The dining-room was gradually cleared of all but Mrs. Wynne and Barbara.

"Where is Gordon? if you see him tell him I am ready for him."

"Oh, mamma, you will let me take his lessons!” "No thank you, I am quite well enough. I shall be in the parlour. Perhaps you will find him, and tell him to come in a quarter of an hour."

Barbara went, rather disappointed at discovering that her mother meant to be up and about again during the whole of the day. She was anxious to retrieve the mistakes and discomfitures of yesterday; however, to use her favourite expression, it could not be helped, so she must turn her energies into some other directions.

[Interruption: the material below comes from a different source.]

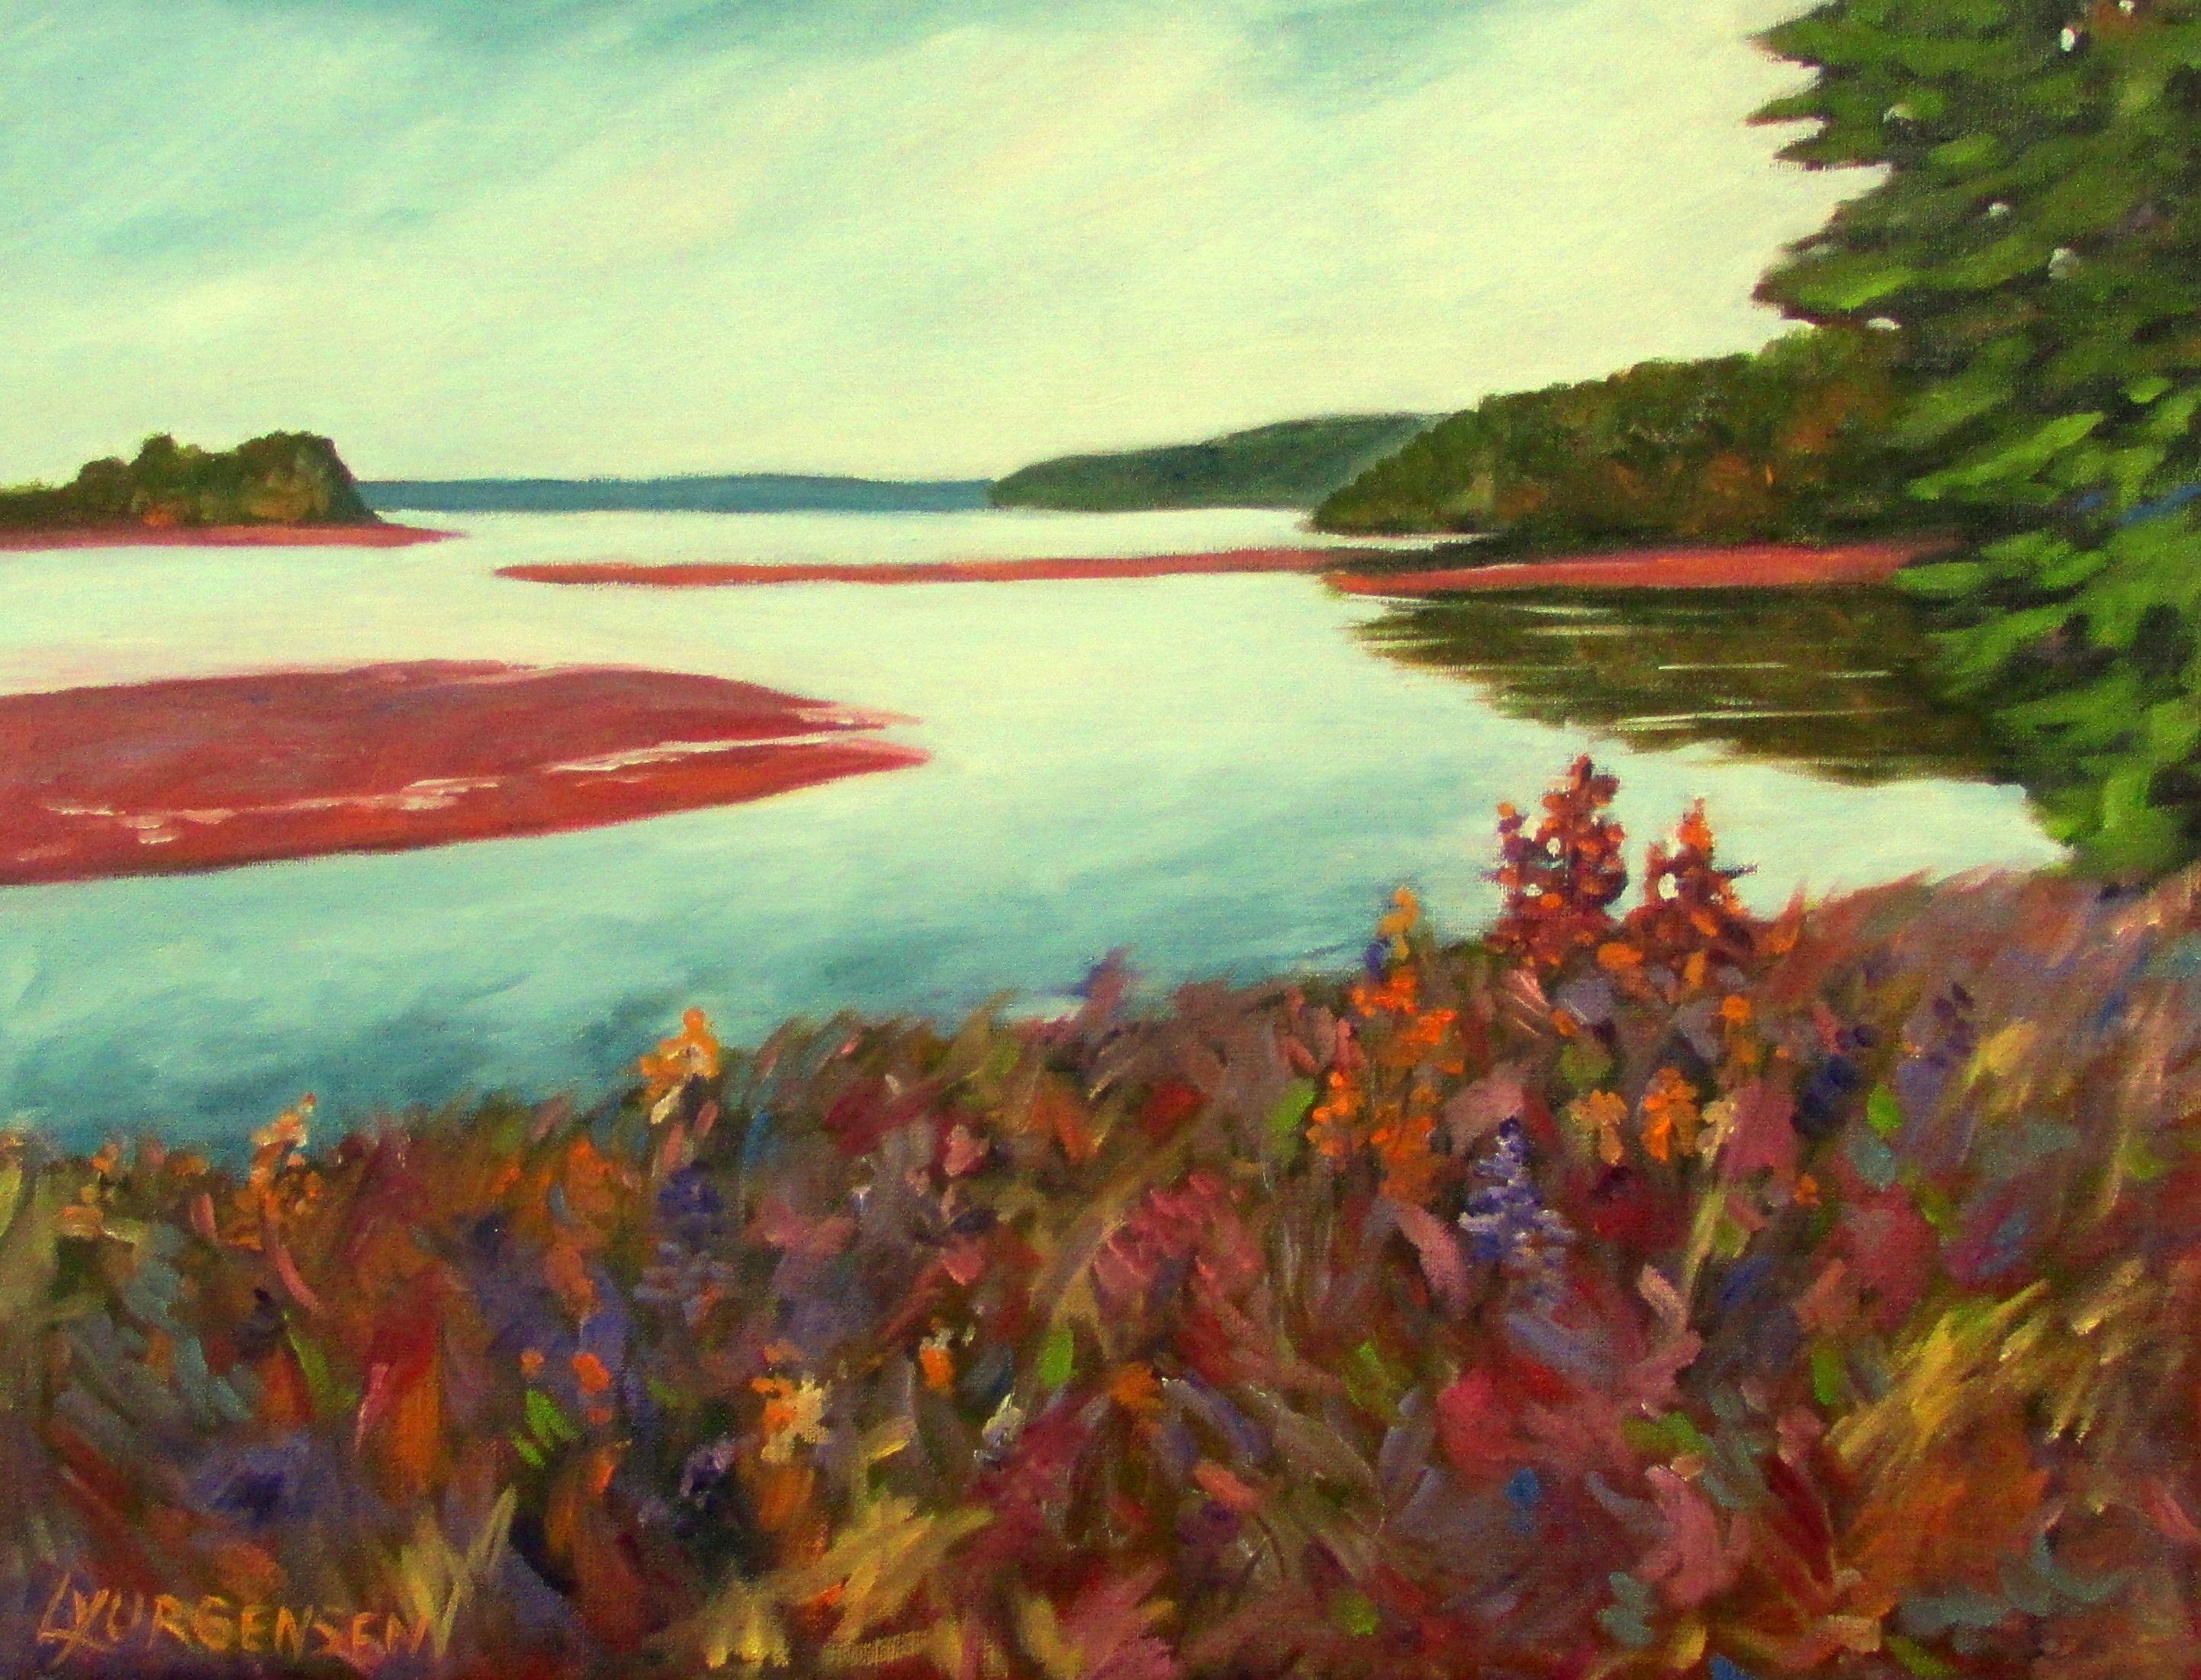 I did an artist residency in Parrsboro, Nova Scotia in the summer and painted this scene many times.  This area sees 40ft tides on a regular basis.  It is quite spectacular. The sides of the slim profile canvas have been painted on this piece. ::

She found Gordon,-not in the kitchen this time, -and then loitered in the hall, thinking what she should do, and here first awoke to the full consciousness of how terribly she did and should miss Hetty. What was the pleasure of taking Göthe and a dictionary into the drawing-room now there was no one to linger about, abusing her for being so studious, and doing all she could to distract her?

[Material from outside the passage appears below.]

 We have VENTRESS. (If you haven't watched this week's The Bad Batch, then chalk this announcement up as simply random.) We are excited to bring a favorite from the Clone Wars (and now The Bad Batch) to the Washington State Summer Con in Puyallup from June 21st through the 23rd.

However Barbara's was not a nature to sit still and weep, or even to "sit upon a mossy stone and sigh where none can hear," but to be up and doing; so she bravely fetched her books from the schoolroom, for sociability's sake settling herself in the further window-seat of the parlour; and if she every now and then heaved a sigh for a light step and gay voice, without which all the world seemed dreary, it was inwardly not outwardly.

Presently Gordon came in.

"You must bring your books here, my boy," said Mrs. Wynne from her sofa.